All this technical development was foreseen by the motion picture director Steven Lisberger when he produced the movie TRON in 1982. In this film there is a huge network of computers forming a virtual world where programs lived and worked. In this world program execution and resource allocation was centralized. The world was dominated by the “MCP” – the master control program. In this film the MCP was the “bad guy” as it was a hindrance to free programs. Well we do have free programs today, and we are moving into the direction of real clouds with some sort of a master control program managing the whole scenario.

The Legacy of Non-Clouds Software

So, what happens to IT after we have finally solved all the problems of managing a real cloud? Surely all the predictions about IT becoming a commodity and about the few suppliers who will actually sell cloud resources to us are true, but all that does not answer the question of what really happens to the IT that is in place then.
The answer is just as frustrating as simple. All the IT in place then will have to be replaced!

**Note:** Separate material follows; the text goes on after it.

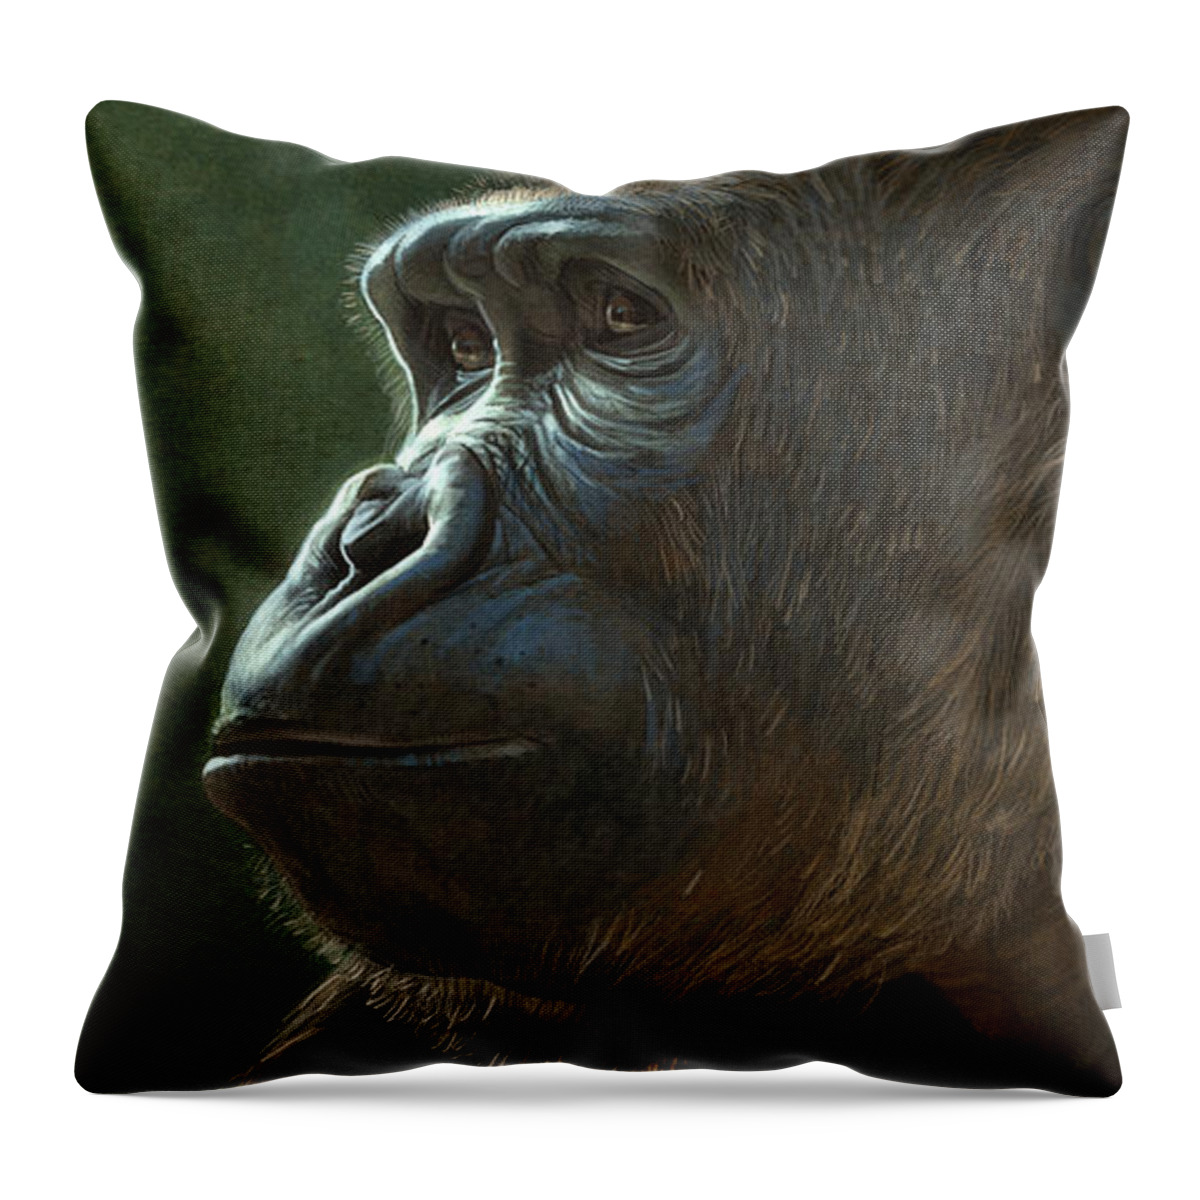 Gorilla Throw Pillow featuring the digital art Gorilla by Aaron Blaise

It will have to be replaced, because it is actually written as computer code or code close to computers. A cloud controller – as briefly explained above – does not need code but a software model (the idea behind the program). So this means that in order to use all the advantages of a real cloud, all the software out there will have to be rewritten or at least it will have to be reengineered.  Does this sound familiar? Does the word of “the age of hosts is over” come to mind to any of you? Well as the IT in place then will work well and as it probably will not have become much better documented or modeled it is very unlikely that clouds will replace today´s understanding and management of IT right away. Clouds will be relevant to new application and new kinds of application design. The economic question to be answered is whether there are enough programs rewritten or redesigned to finance the tremendous investment required to build up clouds. Or will the first wave of clouds go bust with a billion dollar loss and only the second wave will then finally bring effectiveness in IT usage to all of us?